* _Task instructions_: An exact restatement of the data below, with the pictures removed, is the required answer.

(Input data Opens)

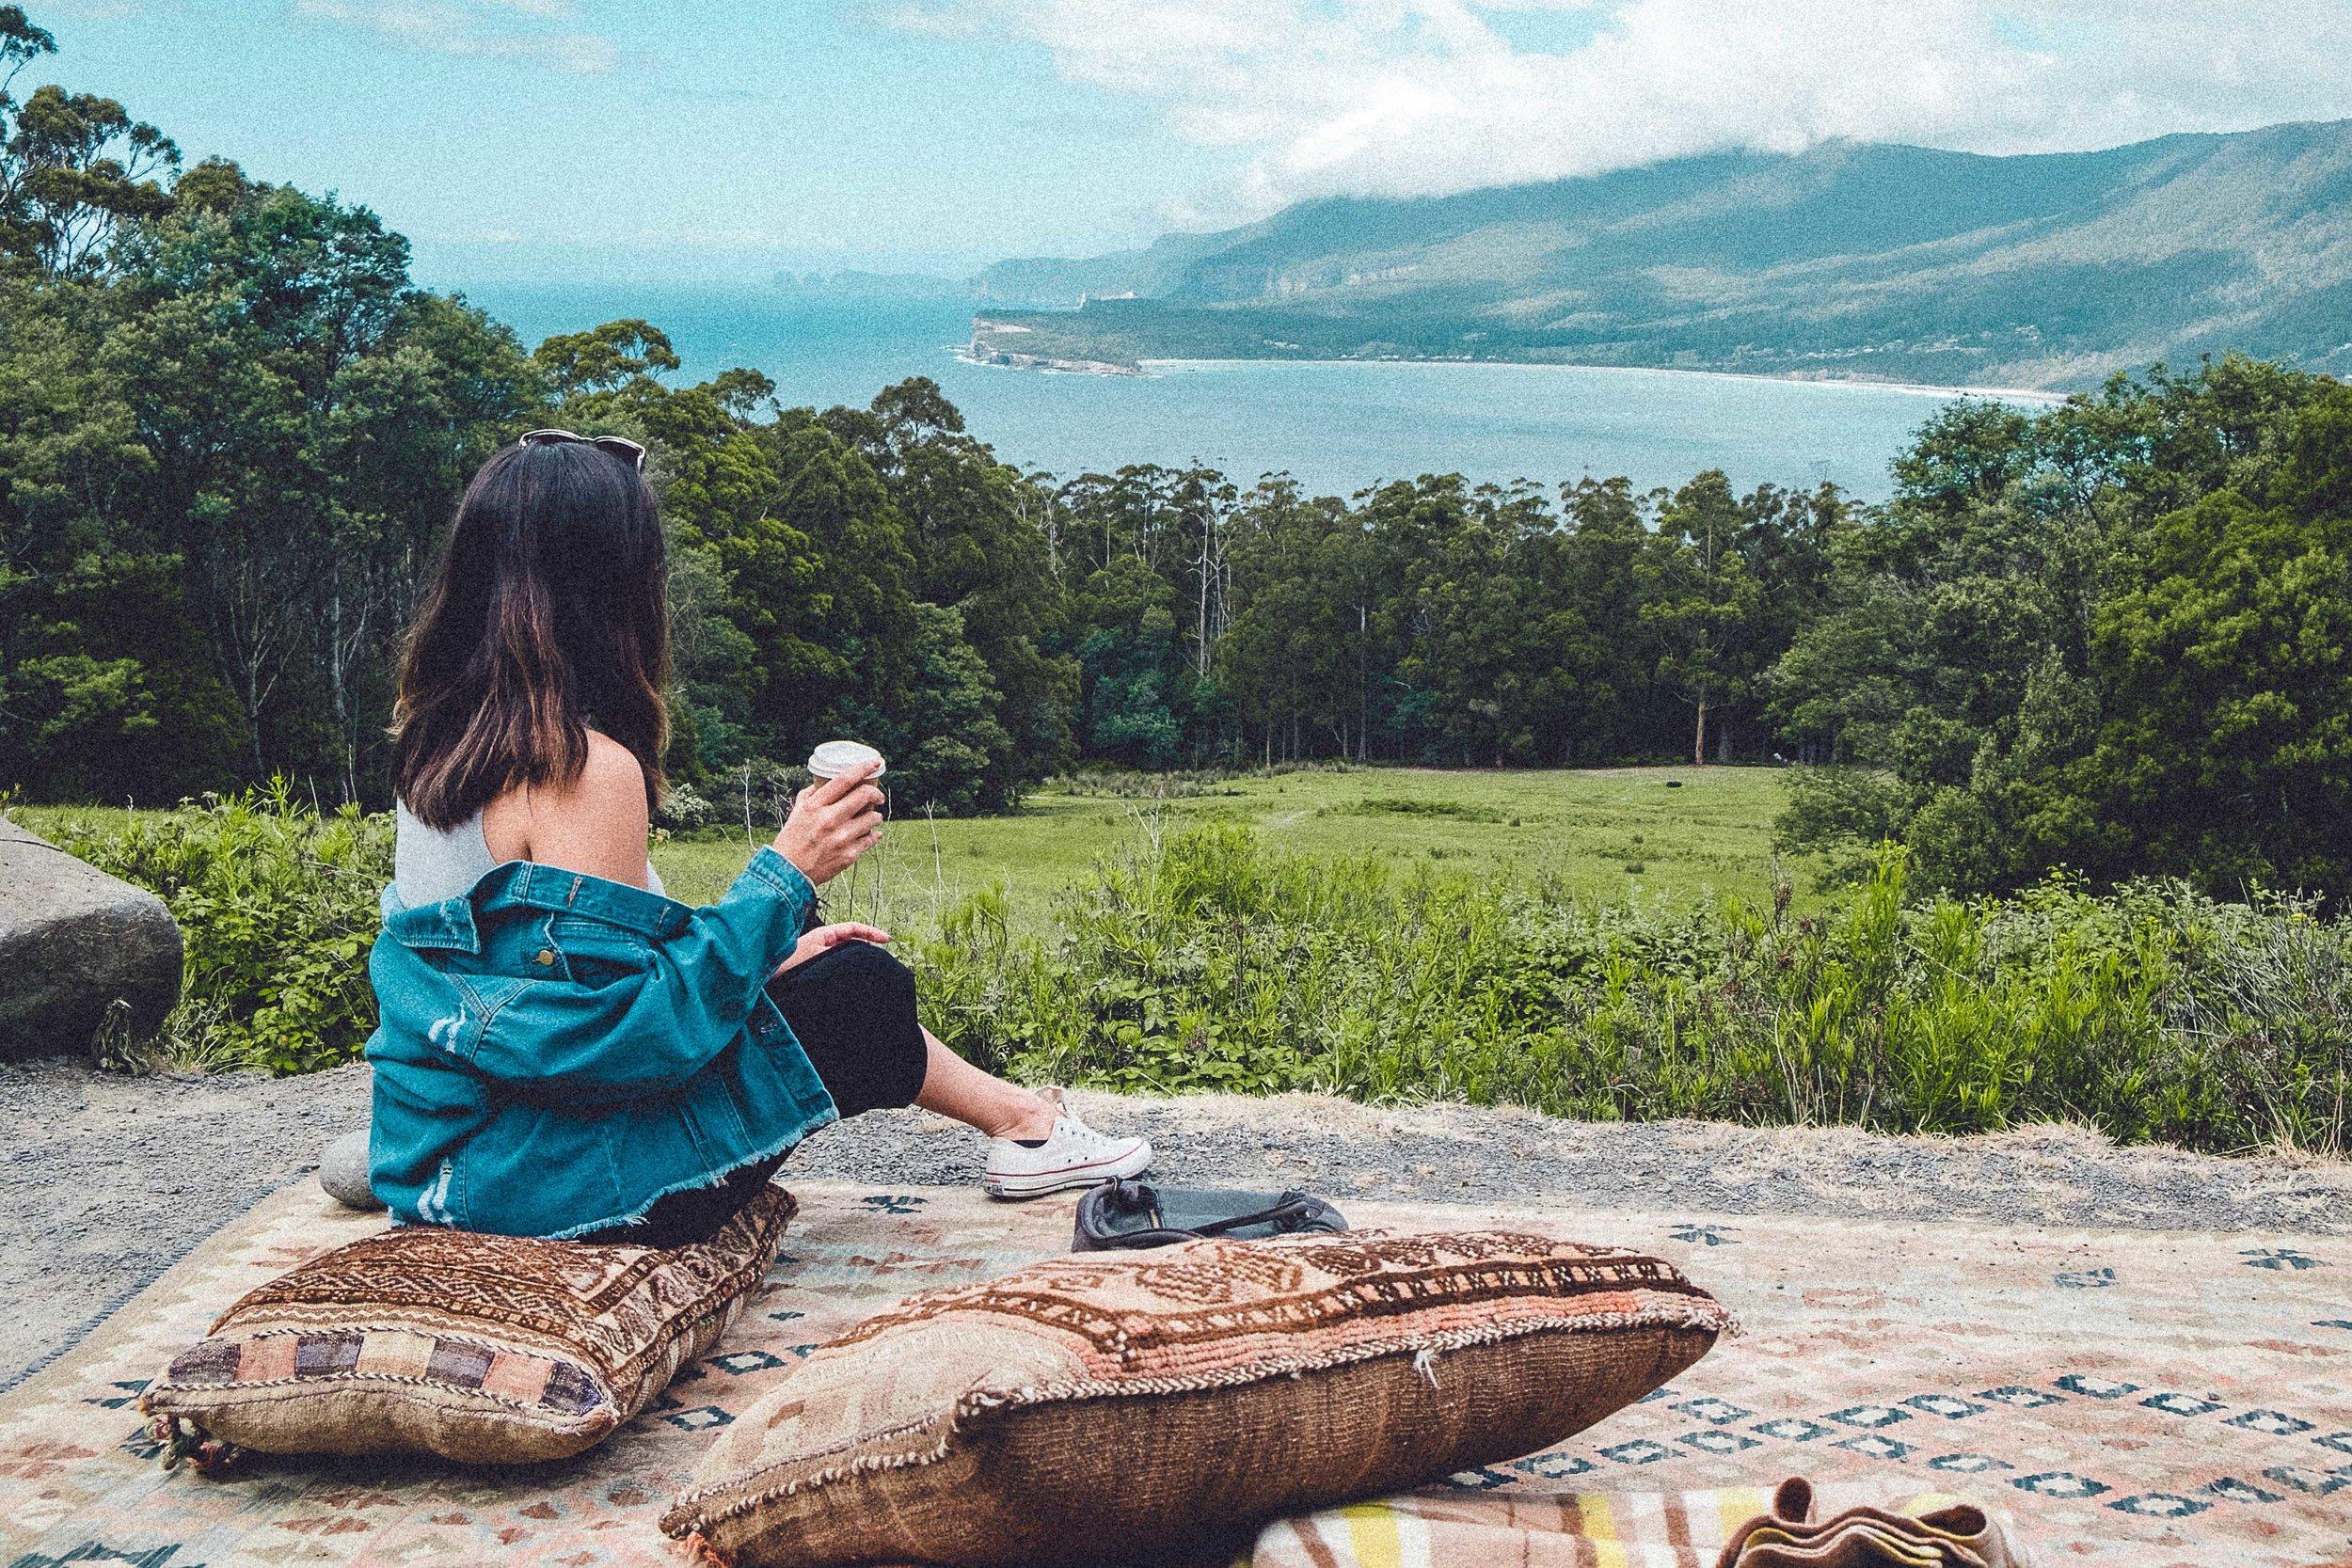 Rachel Off Duty: How to Spend 5 Days in Tasmania - Eaglehawk Neck
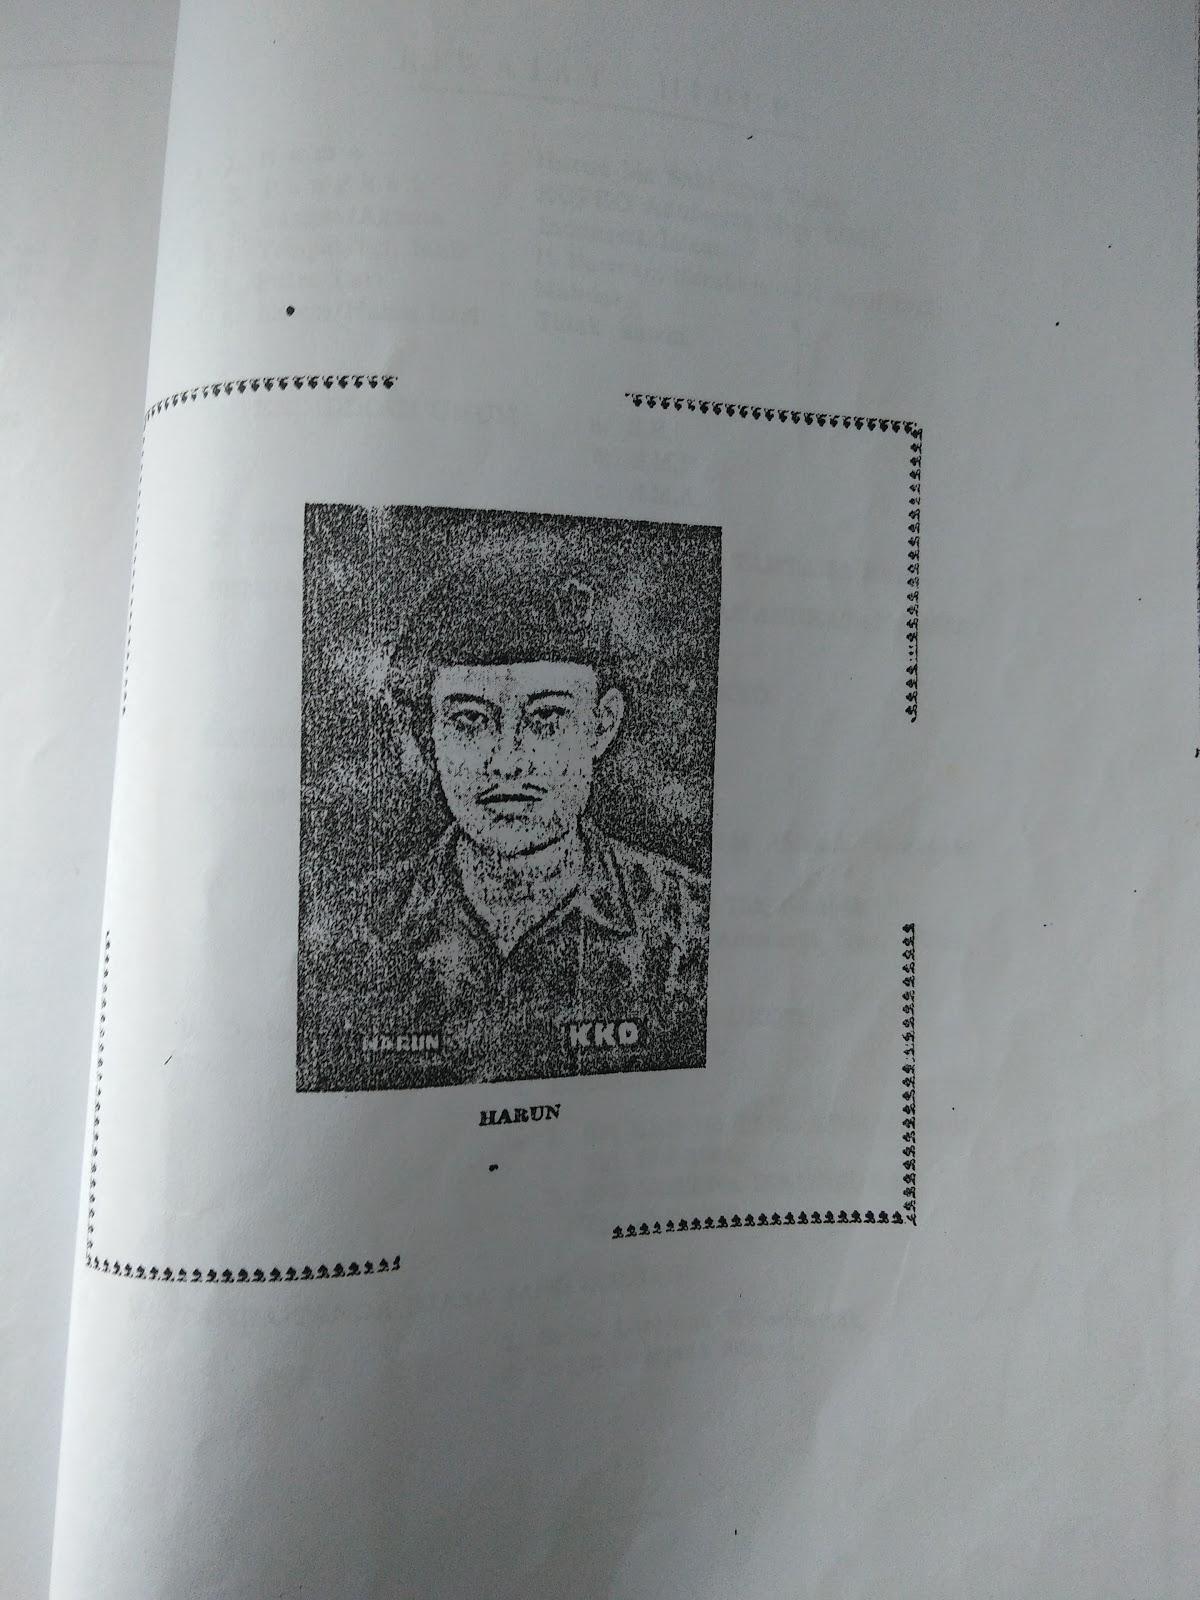 Proposal Penelitian Patriot Bangsa Dari Kota Perwira Biografi Usman Janatin 1943 1968 Arif Saefudin
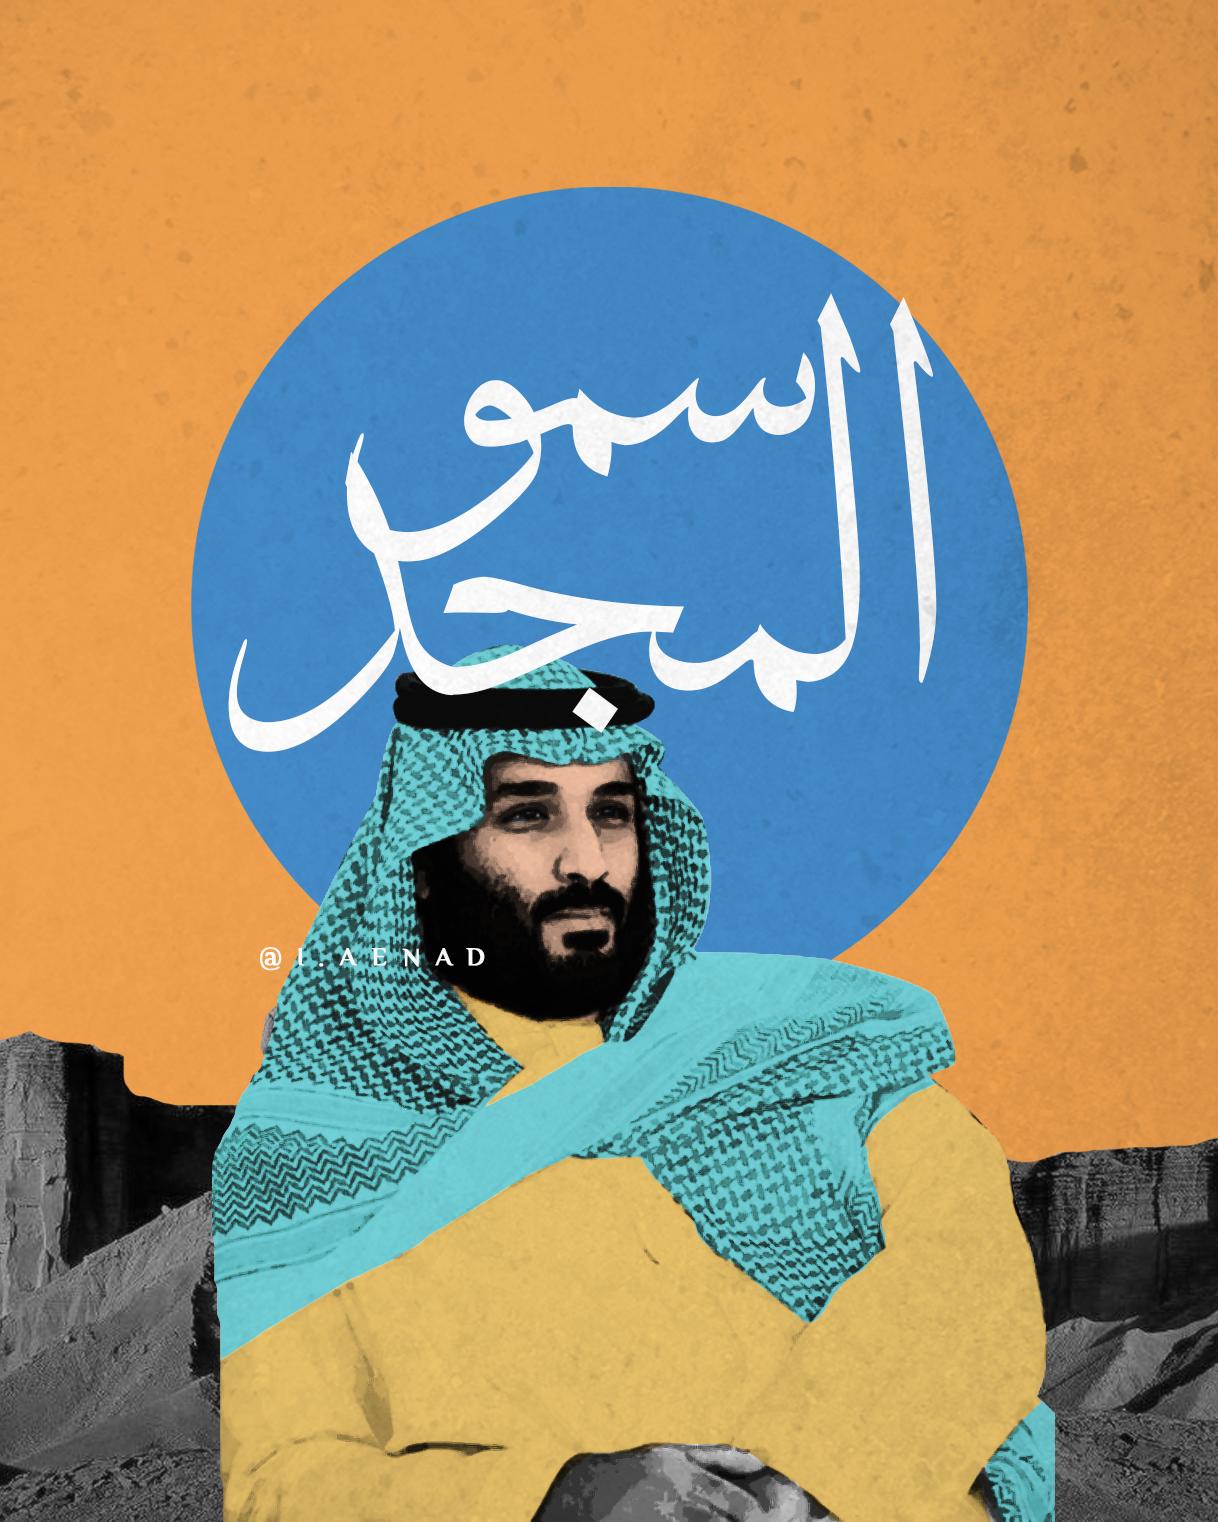 ولي العهد محمد بن سلمان Drawings Art Poster

(Input data Closes)

* _Solution to this problem_:
 Rachel Off Duty: How to Spend 5 Days in Tasmania - Eaglehawk Neck
 Proposal Penelitian Patriot Bangsa Dari Kota Perwira Biografi Usman Janatin 1943 1968 Arif Saefudin
 ولي العهد محمد بن سلمان Drawings Art Poster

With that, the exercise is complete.